The task queue will help.
It is necessary to accept the task, put it in the queue and give a response like “accepted. job number ZZZ" - this is done almost instantly. Then you need to find out, “Is the task ZZZ ready?” - for example, ajax'om once every couple of seconds to poll the server.
Jobs are executed in one or more threads, on this or another server, by a "worker" process. The workflow is launched not under the web server, but from the command line and has no restrictions on the execution time. The process either hangs constantly and waits for tasks to arrive, or is launched by cron every N minutes (and is executed if there is no other running process from the previous time).
For example, in the Laravel framework (and its light version Lumen) there is a very good implementation of the task queuefrom the box.

P

Philipp, 2017-08-07
@zoonman

Usually large volumes are parsed using map / reduce. In PHP, it is best to use console scripts and immediately allocate more memory. Parsing algorithms are very dependent on the file format. For example, csv is very easy to parse. Usually such files are parsed into several streams at once.
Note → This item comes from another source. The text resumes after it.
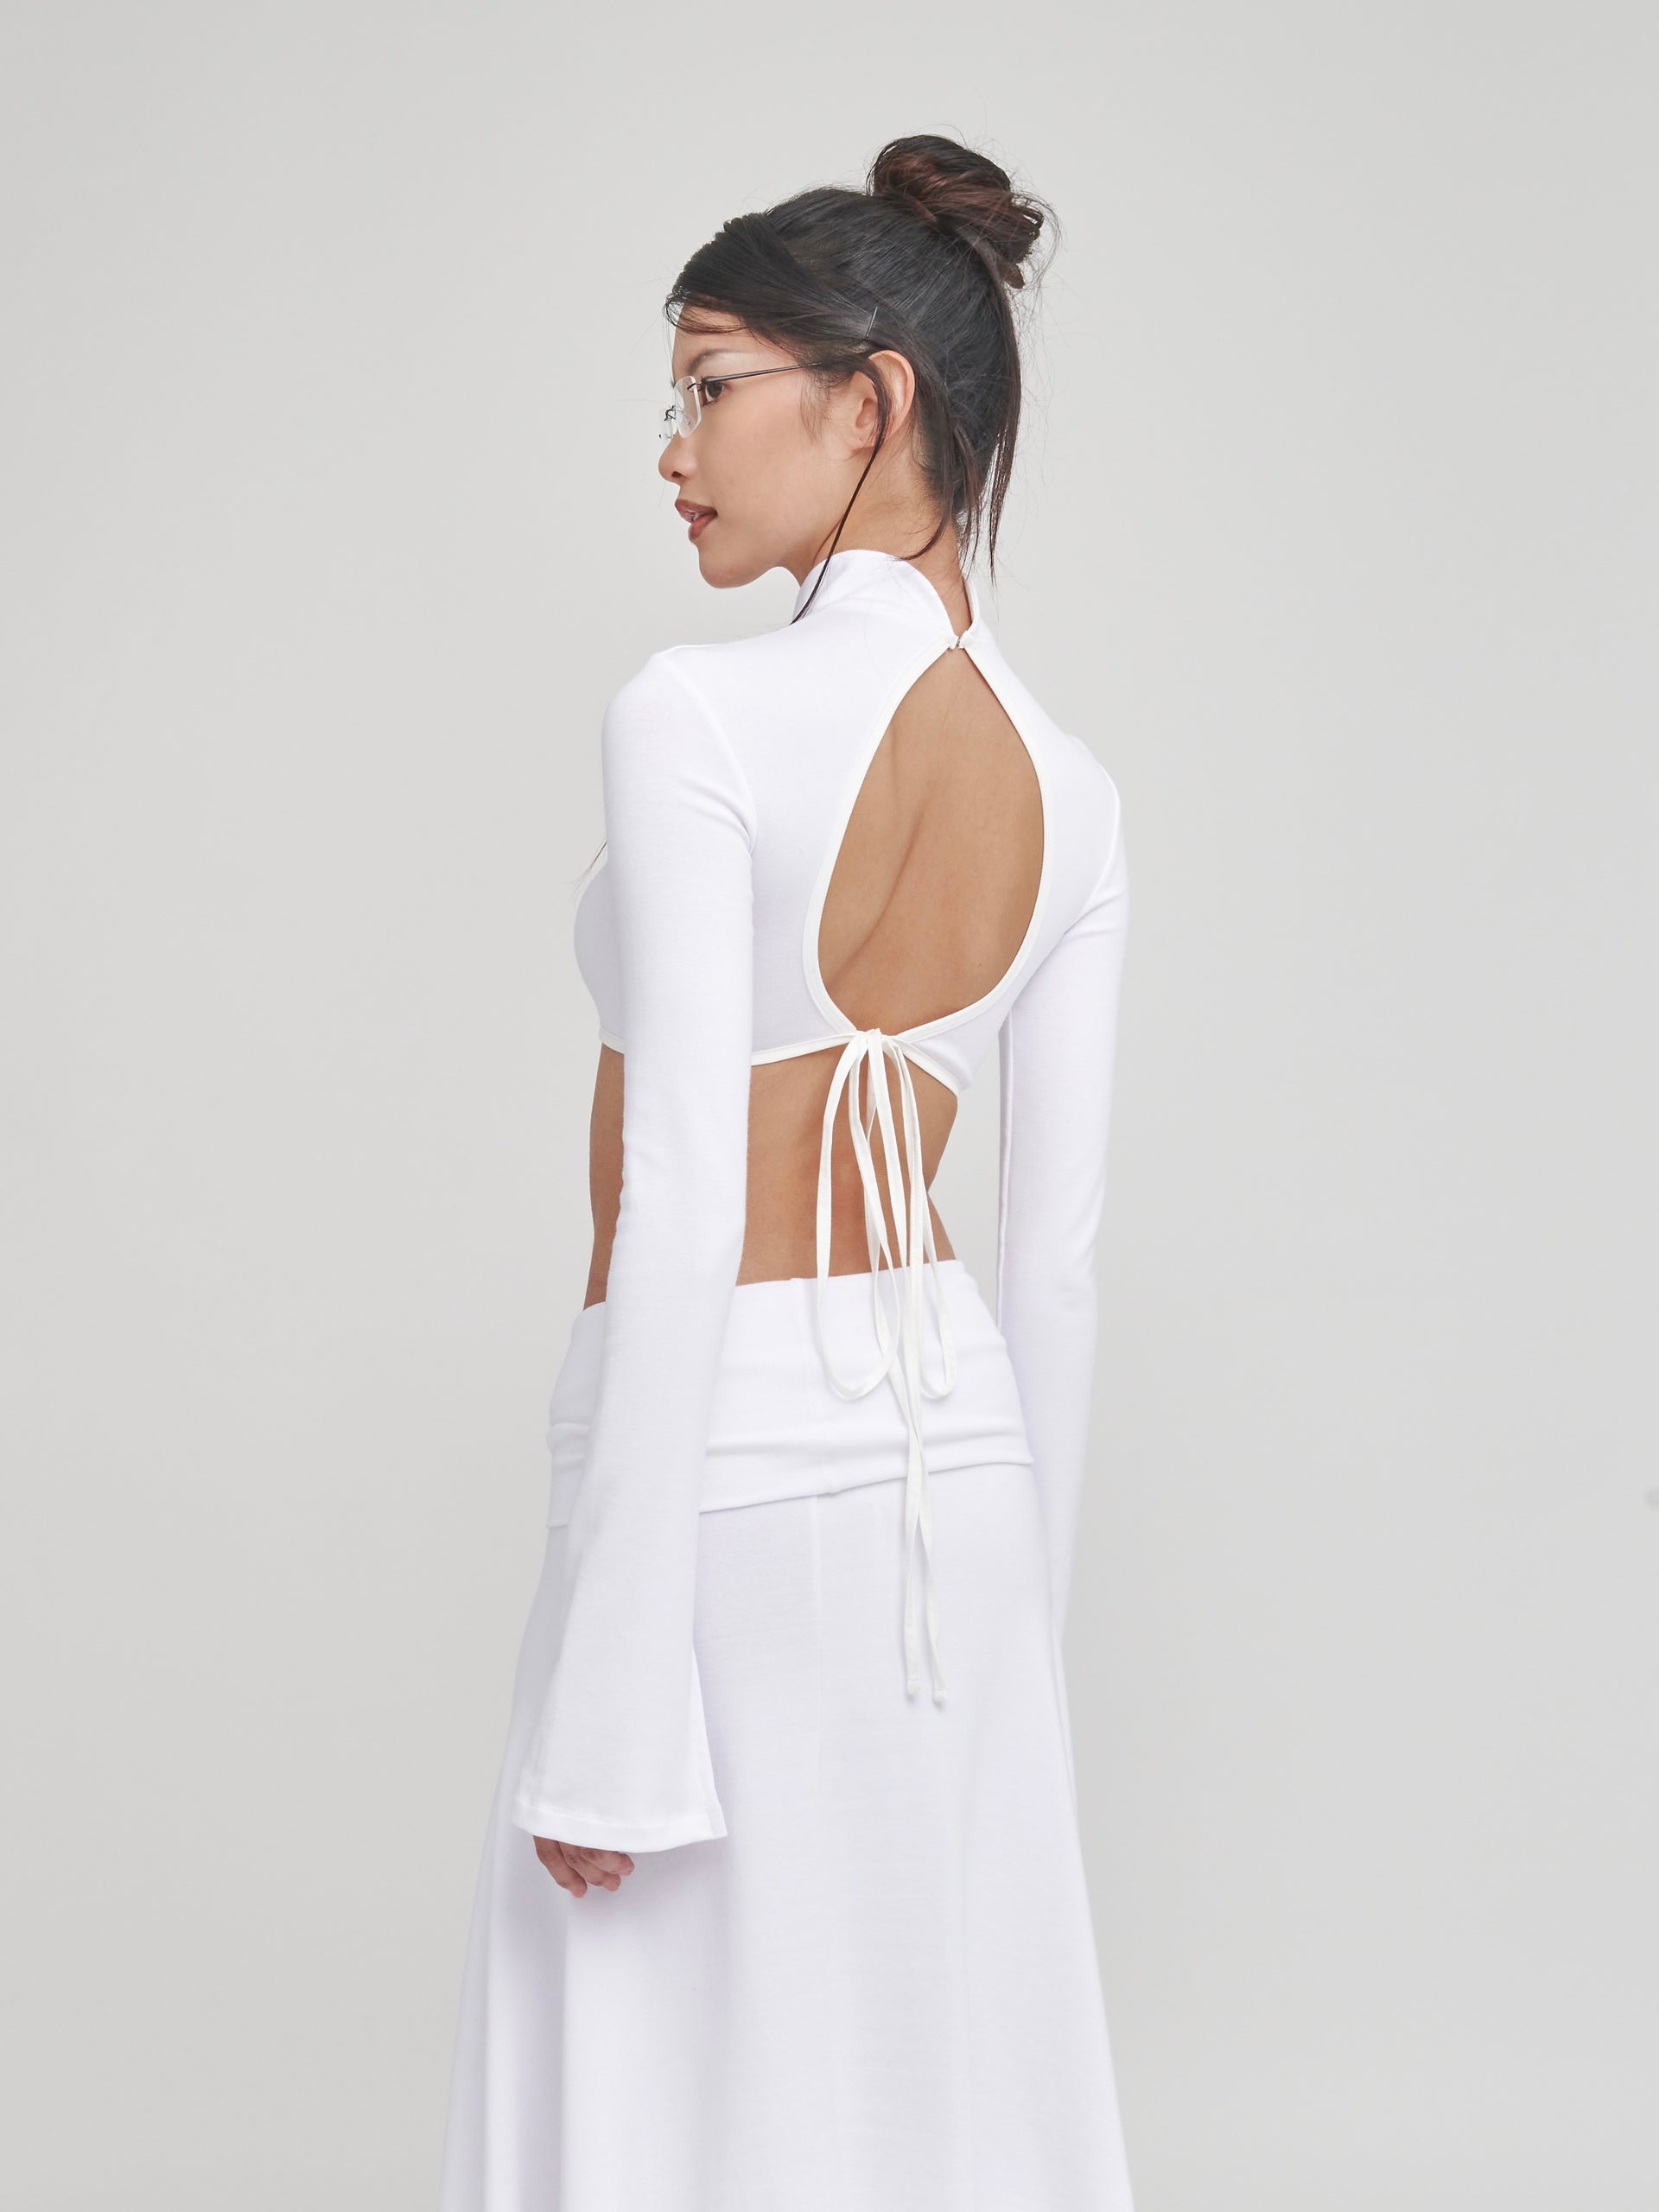 Gatherer Skirt/Dress - White

Various kinds of xml are parsed either through simple xml or through domparser. Sometimes parsed by manually building a tree. Those. Read the file character by character and form a tag tree. This approach works when the files are very large and the nesting depth is small and the format is predictable.
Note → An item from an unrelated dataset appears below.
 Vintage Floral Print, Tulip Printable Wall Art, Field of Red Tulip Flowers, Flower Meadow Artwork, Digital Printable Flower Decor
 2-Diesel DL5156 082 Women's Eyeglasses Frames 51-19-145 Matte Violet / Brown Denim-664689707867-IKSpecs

All sorts of xls are parsed through Phpexcel, it even knows how to get pictures.
Plus, parsing is done through the queuing mechanism. For example, a file is uploaded to the server, the task is to parse the file, then the file is parsed through a console script. In particularly perverted cases, like xls files with hellish macros inside, it comes to instantiating OLE objects on a separate Windows machine and pulling out data through vbs.